Consider the function `f` which depends on time, `t`:
\begin{align}
f(t) = -t^3 + 9t^2 - 7t + 8
\end{align}
\begin{align}
t \in [0, 5]
\end{align}

## (a) use matplotlib to plot f(t) vs t
**Guidelines**:
- discretize `t` using 101 evenly spaced points
- you should plot this as if f(t) were continuous (i.e., use a line)
- plot f(t) in black

**Hint**:
- make sure t = 0 and t = 5 are in your t array

In [None]:
# Answer 3a here
t = np.linspace(0, 5, 101)

f = -(t ** 3) + 9 * (t ** 2) - 7 * t + 8

plt.plot(t, f, color = "black")
plt.xlabel("t")
plt.ylabel('f(t)')

# (b) simulate noise around `f(t)`
**Guidelines**:
- the noise should be drawn from a normal distribution with mean of 0 and standard deviation of 10
- the noisy function, `y=f(t)+e`, should be shown as discrete points that are white with black edges
- for the 34th time point in your data, print the magnitude of the noise (e)
- plot these data points as a scatter along with the true function, drawn as a line
- color the 34th data point purple
- include a legend

**Hints**:
- you should use `np.random.seed` to make your code deterministic

In [None]:
# Answer 3b here
np.random.seed(2024)

error_array = np.random.normal(0, 10, size = [len(t)])
y = f + error_array

print("34th point: ", y[33])

fig = plt.figure()
ax = plt.plot(t, f, color = "black", label = "f(t)")
ax = plt.scatter(t, y, color = "white", edgecolors = "black", label = "y = f(t) + e")
ax = plt.xlabel("t")
ax = plt.ylabel("f(t)")
ax = plt.legend()

## Part 2: re-cast as linear model to learn

f(t) can be re-construed as a linear model with 4 features:

\begin{align}
f(t) = w * X = [8, -7, 9, -1] * [1, t, t^{2}, t^{3}]
\end{align}
Where `w` are the weights (coefficients) for the features, `X`

This is the same as our original function:
\begin{align}
f(t) = 8 - 7t + 9t^2 - 1t^3 = -t^3 + 9t^2 - 7t + 8
\end{align}

Now, imagine we don't know `w` but we want to learn it from the 100 noisy points we generated in (b)

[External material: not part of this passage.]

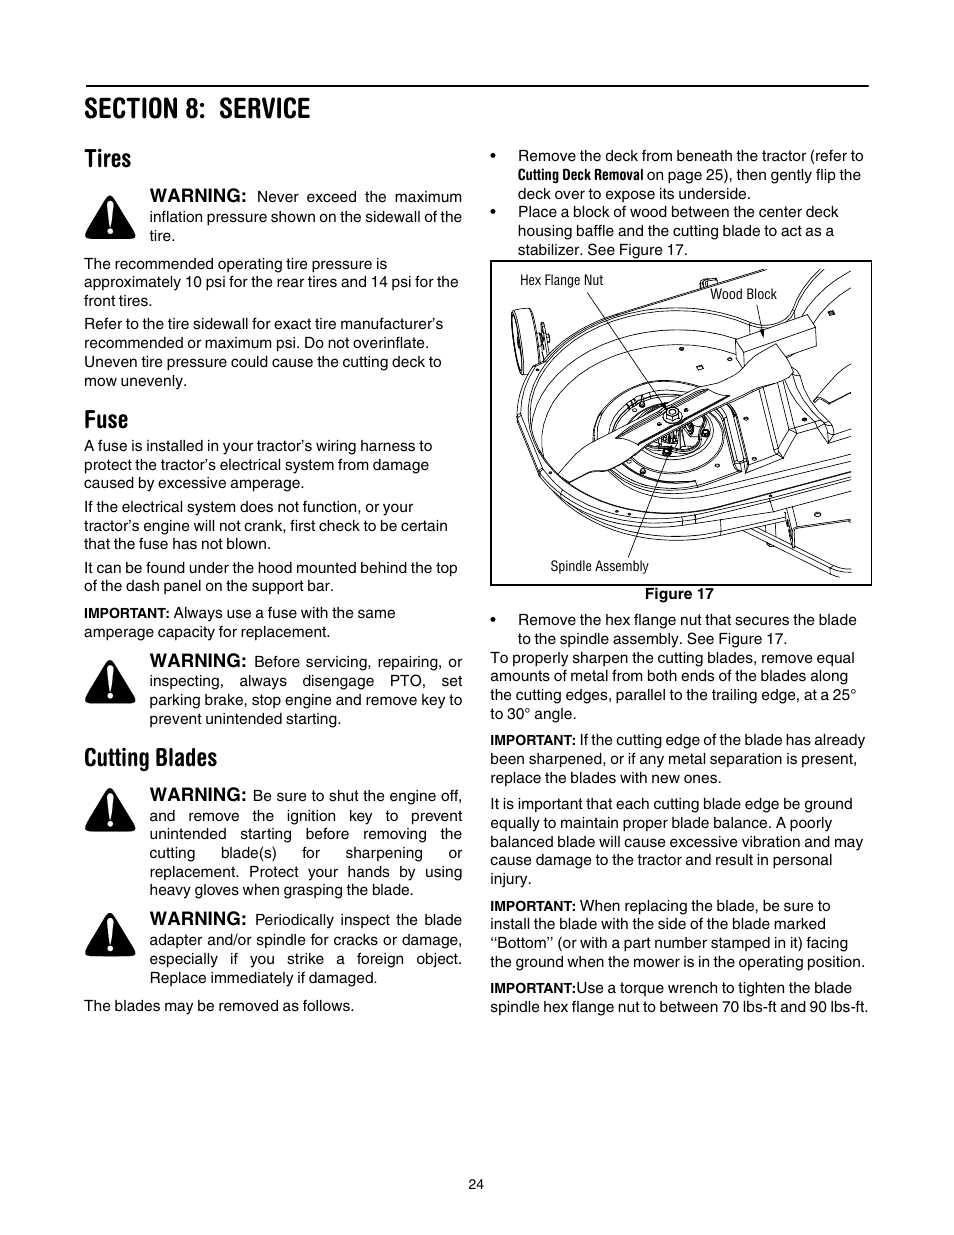 Tires, Fuse, Cutting blades   Cub Cadet LT1040 User Manual   Page 24 / 36

## (c) make a feature matrix, X, for this linear problem
**Guidelines**:
- `X` should have shape = (100,4)
- Print the first two rows of this feature matrix

**Hints**:
- if you were reading this data from a .csv file, the top of the file might look like:
```csv
1,t,t^2,t^3,f(t)+e
1,0,0,0,0.49
1,0.05,0.0025,0.000125,20.84
1,0.1,0.01,0.001,19.85
```
where `(0.49, 20.84, 19.85)` are my noisy observations (`f(t)+e`) at `t = (0, 0.05, 0.1)`. Note: my true `f(t)` for these same points = `(8, 7.67, 7.39)`
- you can transpose an `np.array` with `.T`

In [4]:
import numpy as np

# Answer 3c here
X = np.zeros([100, 4])

X_rows, X_cols = X.shape
print(X.shape)
for i in range(X_rows):
  X[i, :] = [1, t[i], t[i] ** 2, t[i] ** 3]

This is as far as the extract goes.